Ich versuchs einfach mal  (kann dir leider nur wenig code bieten, da ich grad erst anfange mich mit my sql auseinander zusetzen).

Als erstes mal wäre es klug alle verschiedene daten per schleife in einen array zu packen also z.b.
// $max_einträge = die gezählten einträge in dein gb
for ($i=0; $i < $max_einträge; $i++)
{
    $name[] = $name_aus_db
    $url[] = $url_aus_db
}
usw 
Dann würd ich den inhalt, also wieviele einträge dein gb hat - wie auch immer - zählen.
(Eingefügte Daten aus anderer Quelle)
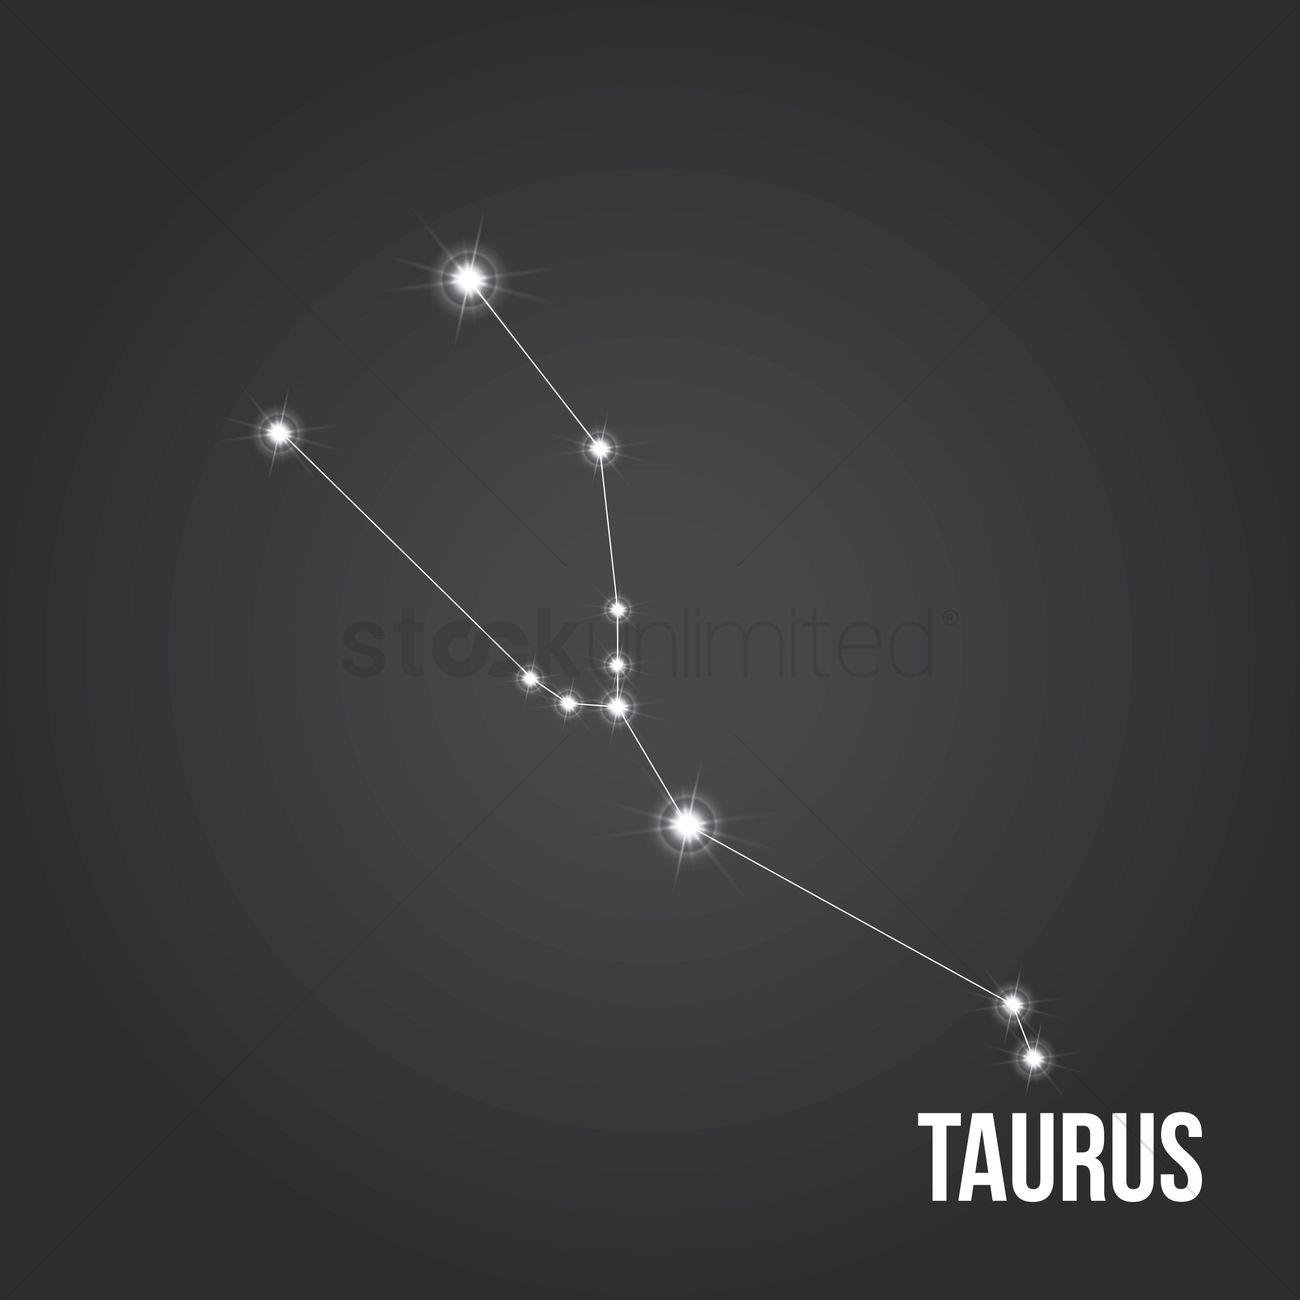 taurus constellation vector image 1616876 stockunlimited star vector graphic stars vector art

Dann machste dir ne billige for-schleife -> for ($zaehler=0; $zaehler < $max_eintraege; $zaehler++)
{
    // hier dann die Tabelle
    // darin dann die Vars in form von
    echo $name[$zaehler];
    echo $url[$zaehler];
    // aufrufen
}

So ... Hoffe mal, dass ich dir wenigstens ein wenig helfen konnte 

Grüße, Morph


----------



## redback79 (4. März 2002)

leider kann ich mit deinem code nicht viel anfangen.. :-(
(d.h ich versteh ihn nur ansatzweise... das ist ja immerhin schon mal etwas...)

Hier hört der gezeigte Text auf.